If you have a standard deck of 52 cards. You pick one card from the deck and then without putting it back you pick another card . What is the probability that both cards will be 9's
There are 52 cards in a deck, 4 of which are nines.
Initially, the probability of pulling a 9 can be represented by P1, and can be found as:
P1 = Number of 9s/Number of cards
= 4/52
= 1/13
After this, if we pull out a nine (since we want both cards to be nines), then there are 51 cards total and 3 are nines.

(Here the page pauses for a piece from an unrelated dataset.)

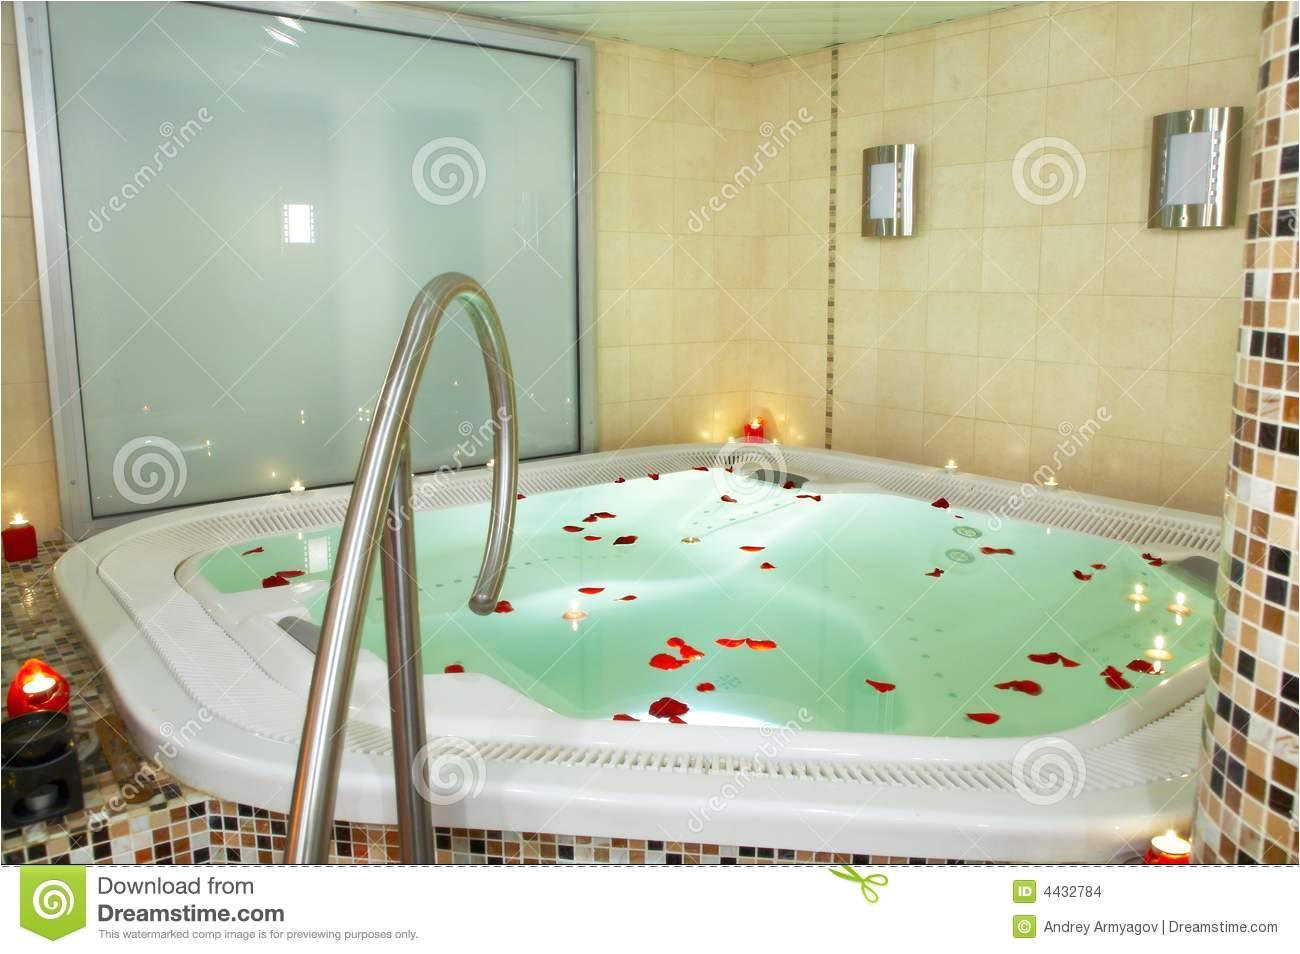 stock images bath jacuzzi image

The probability of pulling out another nine is:
P2 = 3/51
= 1/17
For the probability of both events happening, we multiply these probabilities:
P1* P2
=> (1/13)*(1/17)
=> (1/221)
800words
To find the probability of drawing two 9's without replacement from a standard deck of 52 cards, we need to understand the total number of possible outcomes and the number of favorable outcomes.
Total number of possible outcomes:
When picking the first card, there are 52 options. After choosing the first card, there are only 51 cards left.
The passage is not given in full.